The exhibition’s curator, Angela Kingston, has safely locked away the most terrifying aspects of 3am in the upstairs gallery or ‘attic.’ Alongside Treacy’s large-scale sinister ‘Them’ series, is displayed a number of small pencil drawings by Marc Hulson in which strange things occur in seemingly innocuous domesticity. The works feature crying eyes, open doorways, hallways, stairs and other classic Surrealist motifs. These investigate 3am in terms of its potential for the creeping sense of the uncanny or the outright fear of the child for the dark spaces of their bedroom. The macabre and sinister nature of these themes is overtly seen in ‘Process Art (Eat Your Heart Out),’ (2007) a large blackened bronze sculpture by Nathan Mabry. In this, a terrifying monster-monkey hybrid wearing a boxing glove rides the shoulders of a young boy. Positioned to menacingly greet the viewer as they ascend the stairs and enter the upstairs gallery, this sculpture is disturbingly effective indeed.
Artists including Rachel Kneebone and Bettina von Zwehl address the body as it might be at 3am.
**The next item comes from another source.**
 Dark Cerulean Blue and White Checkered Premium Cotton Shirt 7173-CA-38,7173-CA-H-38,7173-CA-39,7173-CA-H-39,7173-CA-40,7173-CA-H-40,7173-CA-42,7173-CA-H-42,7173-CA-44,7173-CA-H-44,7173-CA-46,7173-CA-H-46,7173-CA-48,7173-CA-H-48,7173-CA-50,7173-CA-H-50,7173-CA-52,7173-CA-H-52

Kneebone’s bizarre and delicate porcelain sculptures incorporate, in an echo of Palm and Dorner, a twisted mass of limbs, both human and animal, as well as flowers and funereal pedestals. These are charged with sexual energy and captured in their frenetic movement in a beautiful nightmare of imagined 3am activity. Conversely, von Zwehl chooses to examine the body at 3am in detail and in reality. Several photographic portraits of women wrested from their deepest point of sleep show the body in abrupt transition to wakefulness, bleary-eyed and barely functioning. The artist’s white background and use of white clothing reveals the ‘ethereal’ nature of this cognitive process. The bodily struggle and psychological confusion of these sitters as they attempt to comprehend this sudden change is shown as an otherworldly or ghostly transformation: a kind of disembodiment.
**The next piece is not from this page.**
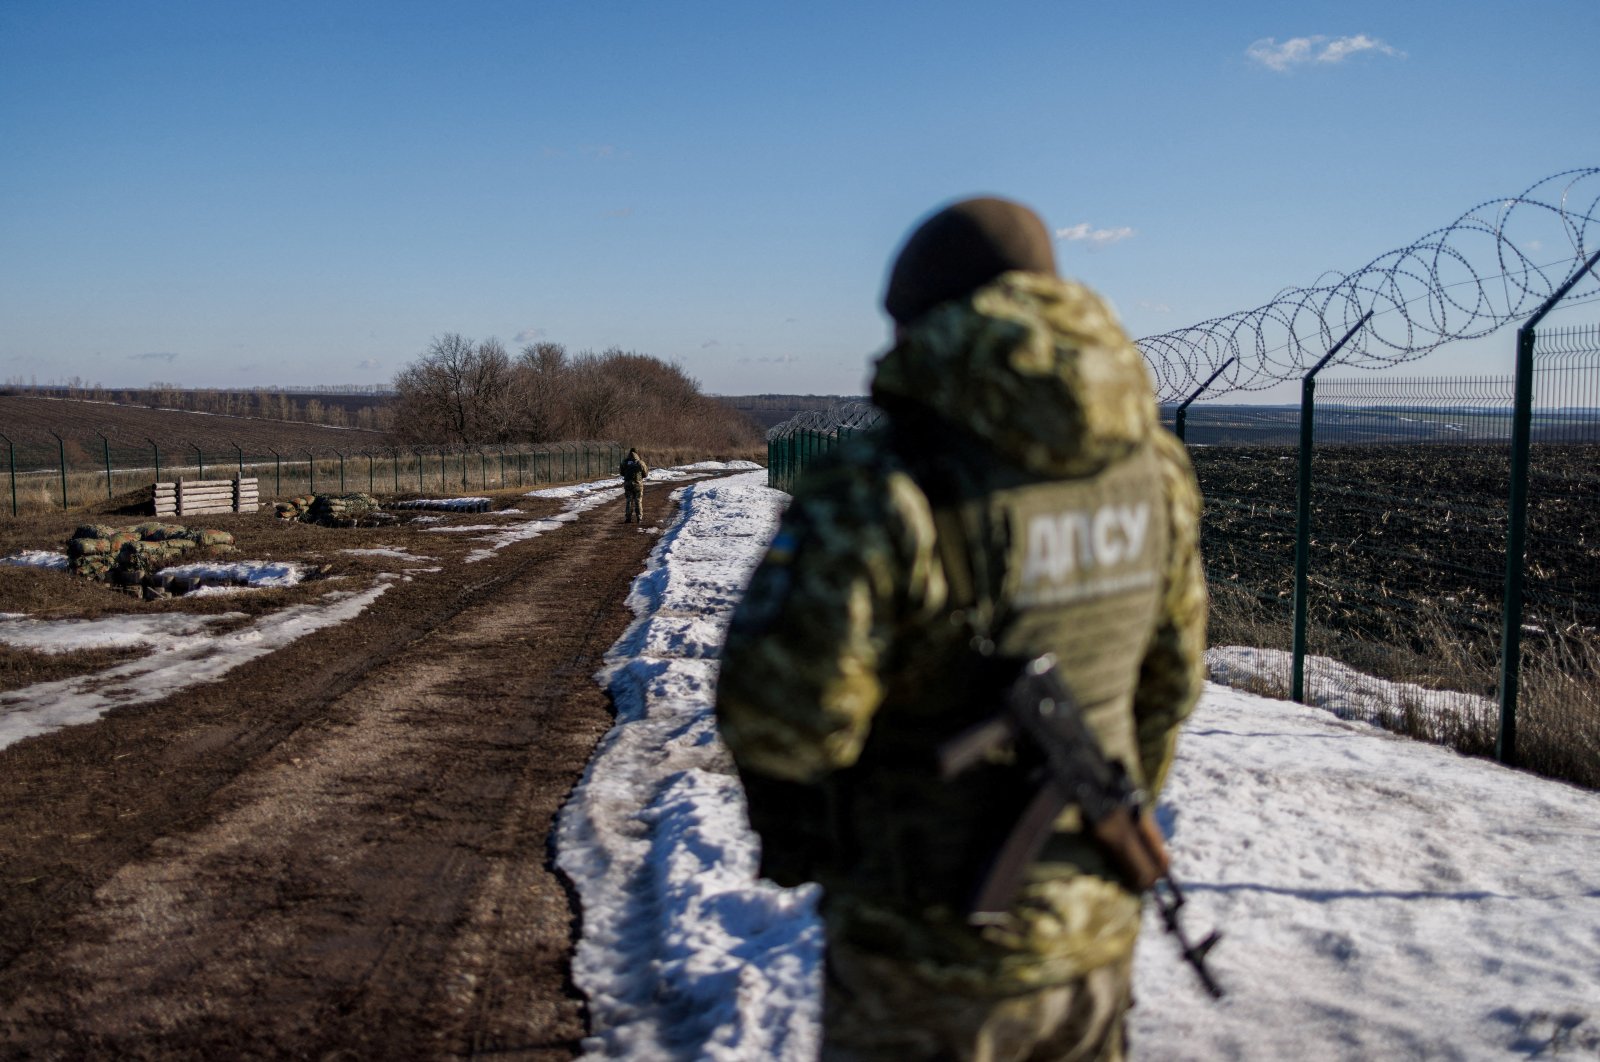 Ukrainian frontier guards patrol an area along the Ukrainian-Russian border in the Kharkiv region, Ukraine Feb. 23, 2022. (Reuters Photo)

‘3am: wonder, paranoia and the restless night’ is an ambitious exhibition. Its nuanced themes resonate far further than simply the studio or gallery, reaching out into the very spaces and places of the night itself: the places we all inhabit. As a junction between night and day, waking and sleeping, safety and fear, exploration and danger, and stillness and movement, 3am is a time (and place) of rich contradiction and endless possibility.